Try it: A partial copy is required: transcribe exactly the lines from the one containing "Ba Ba Thomas" through the last line below, without any pictures.

Stored data:
....................
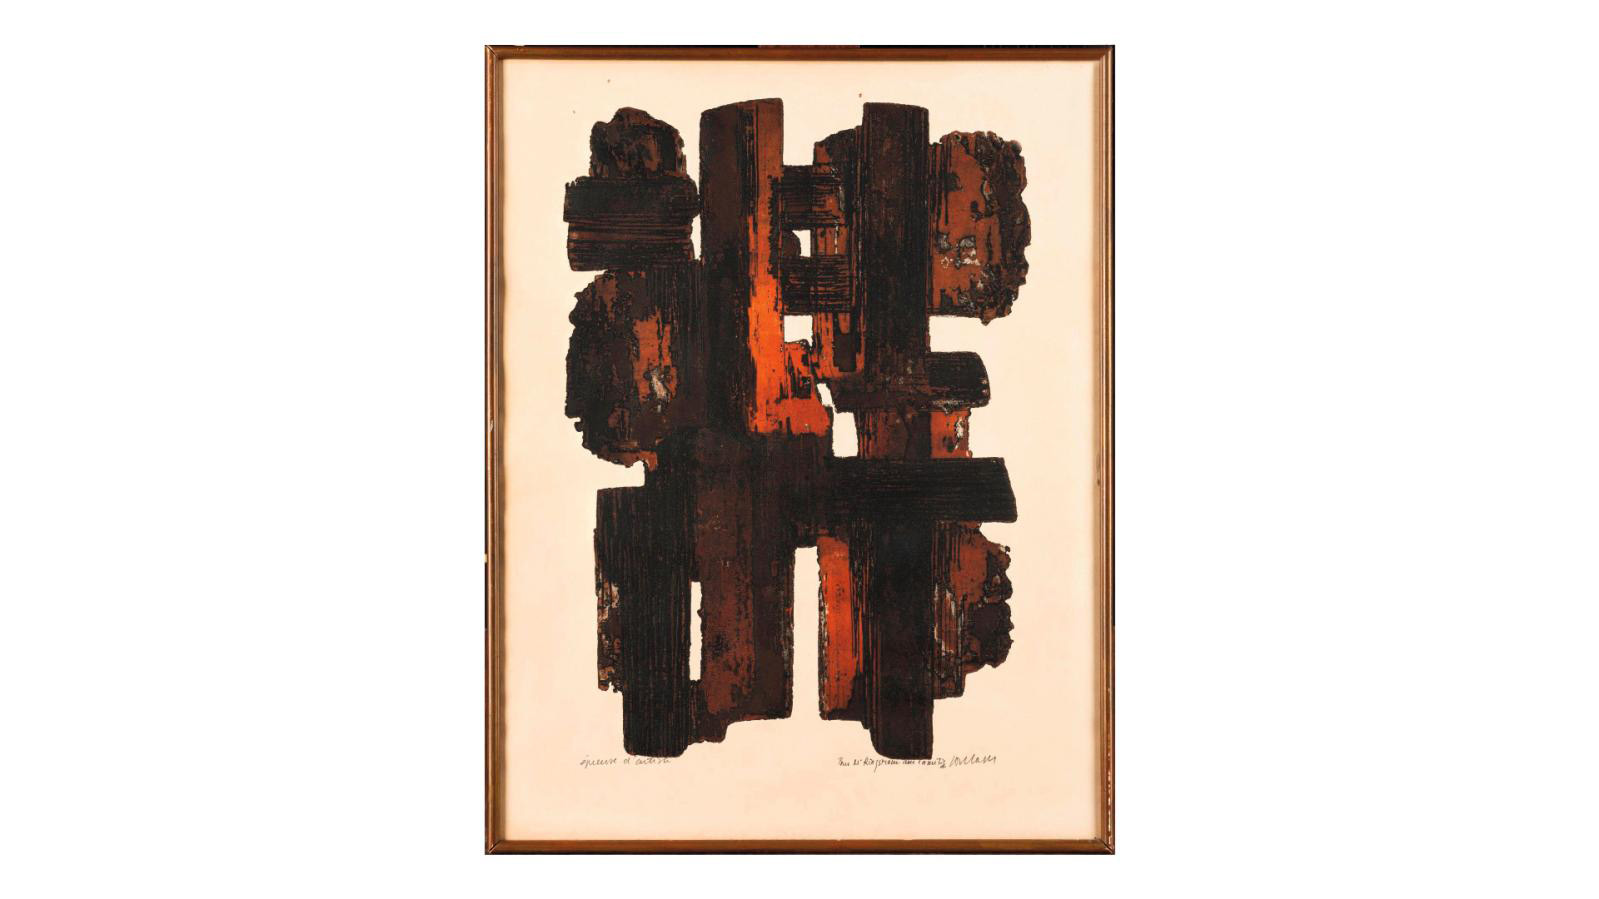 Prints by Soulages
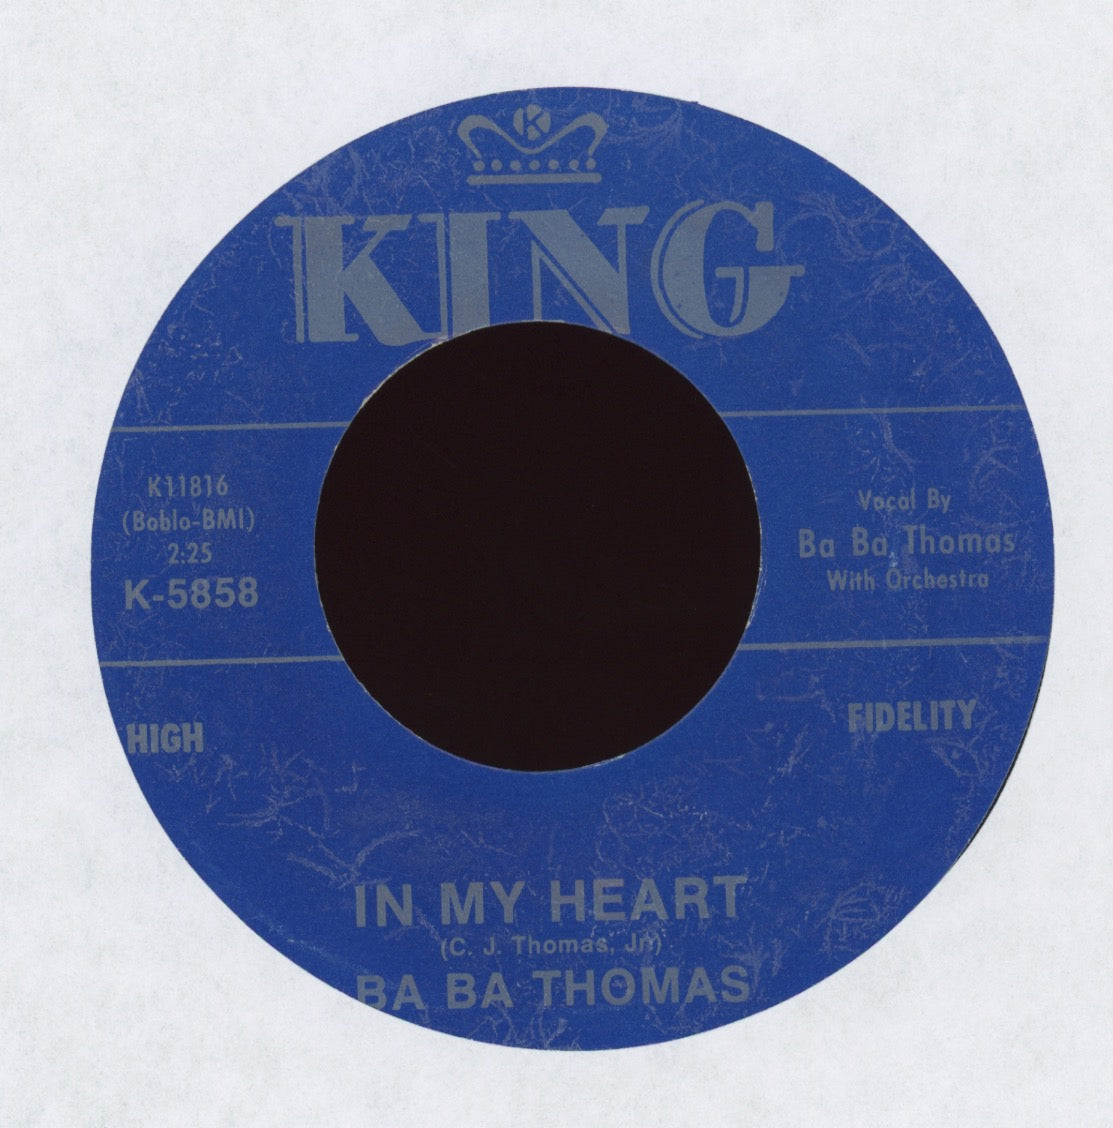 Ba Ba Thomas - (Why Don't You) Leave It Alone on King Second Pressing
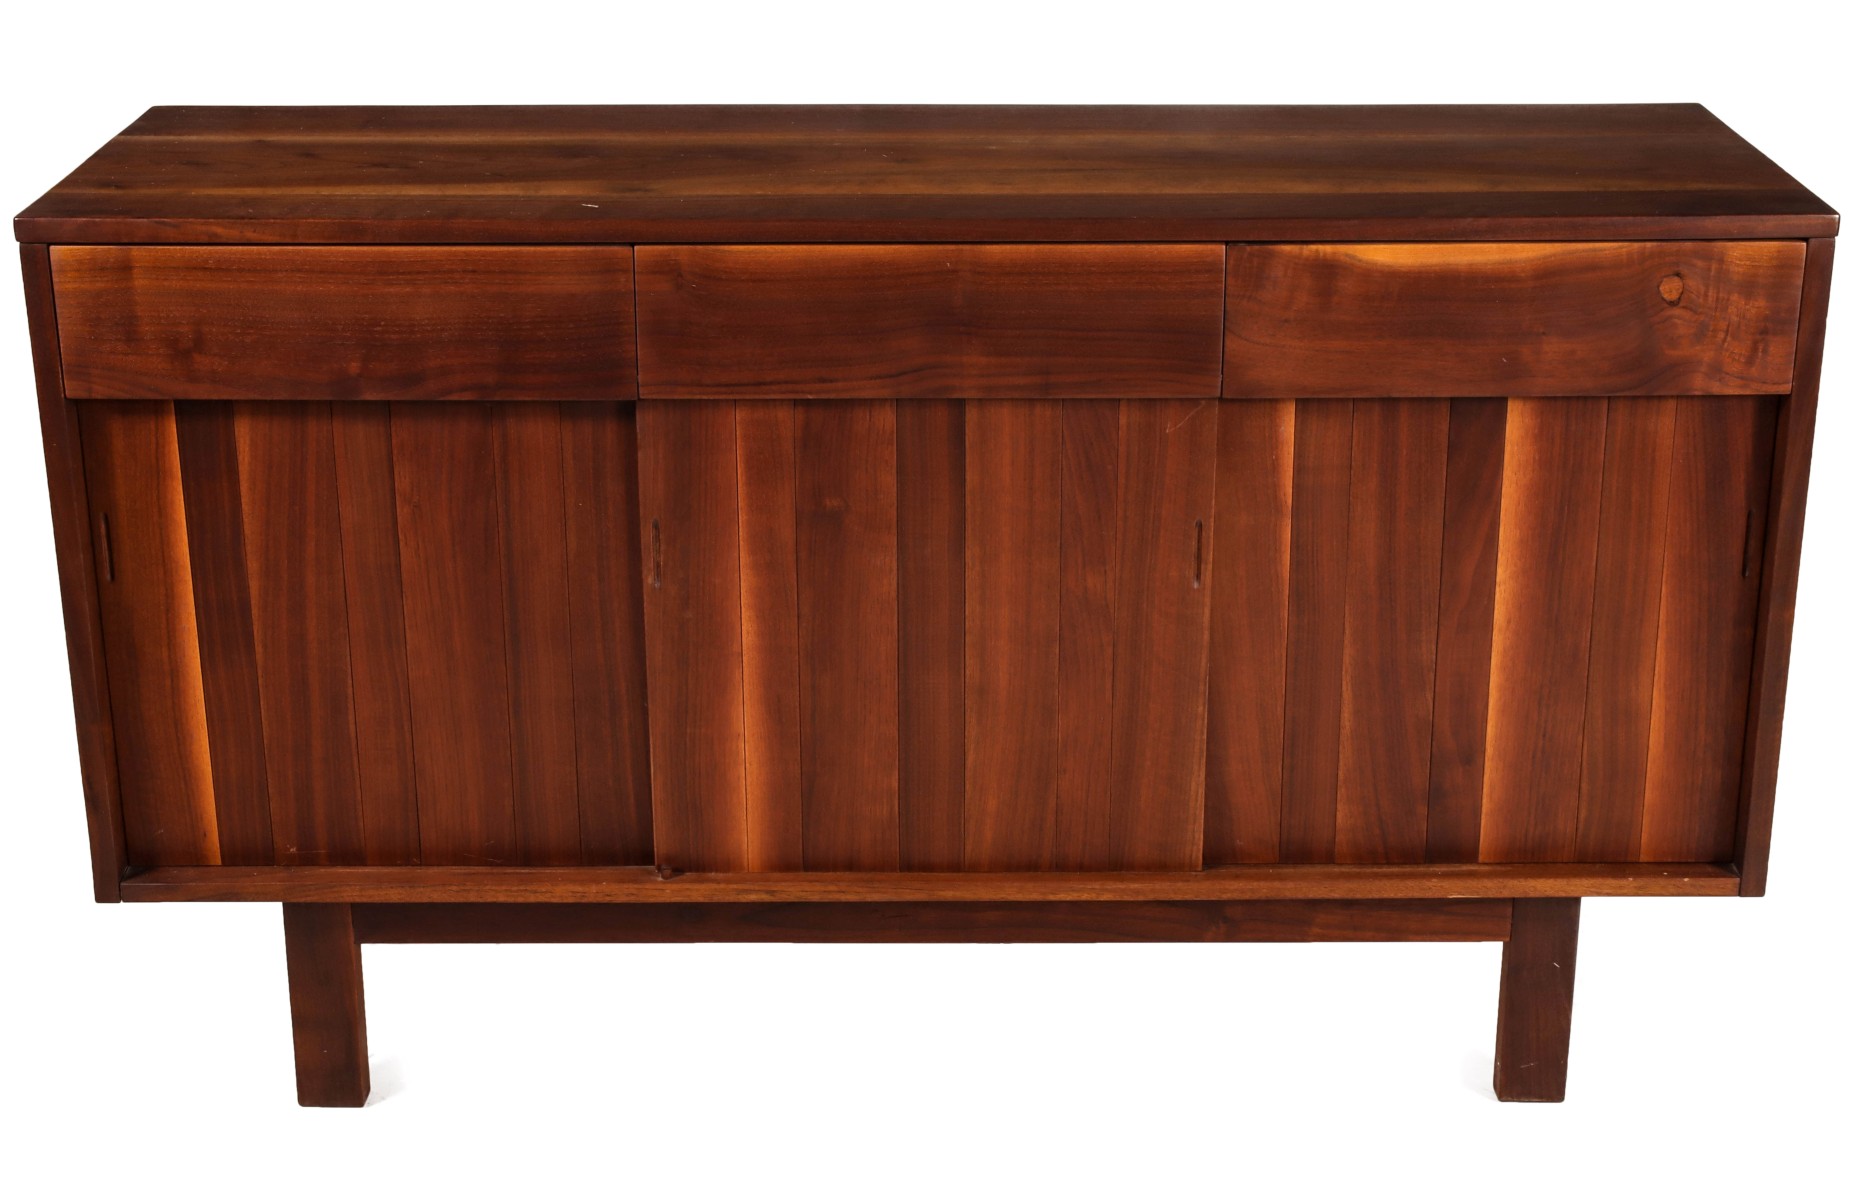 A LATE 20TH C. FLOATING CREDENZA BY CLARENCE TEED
....................
Response to this exercise:
 Ba Ba Thomas - (Why Don't You) Leave It Alone on King Second Pressing
 A LATE 20TH C. FLOATING CREDENZA BY CLARENCE TEED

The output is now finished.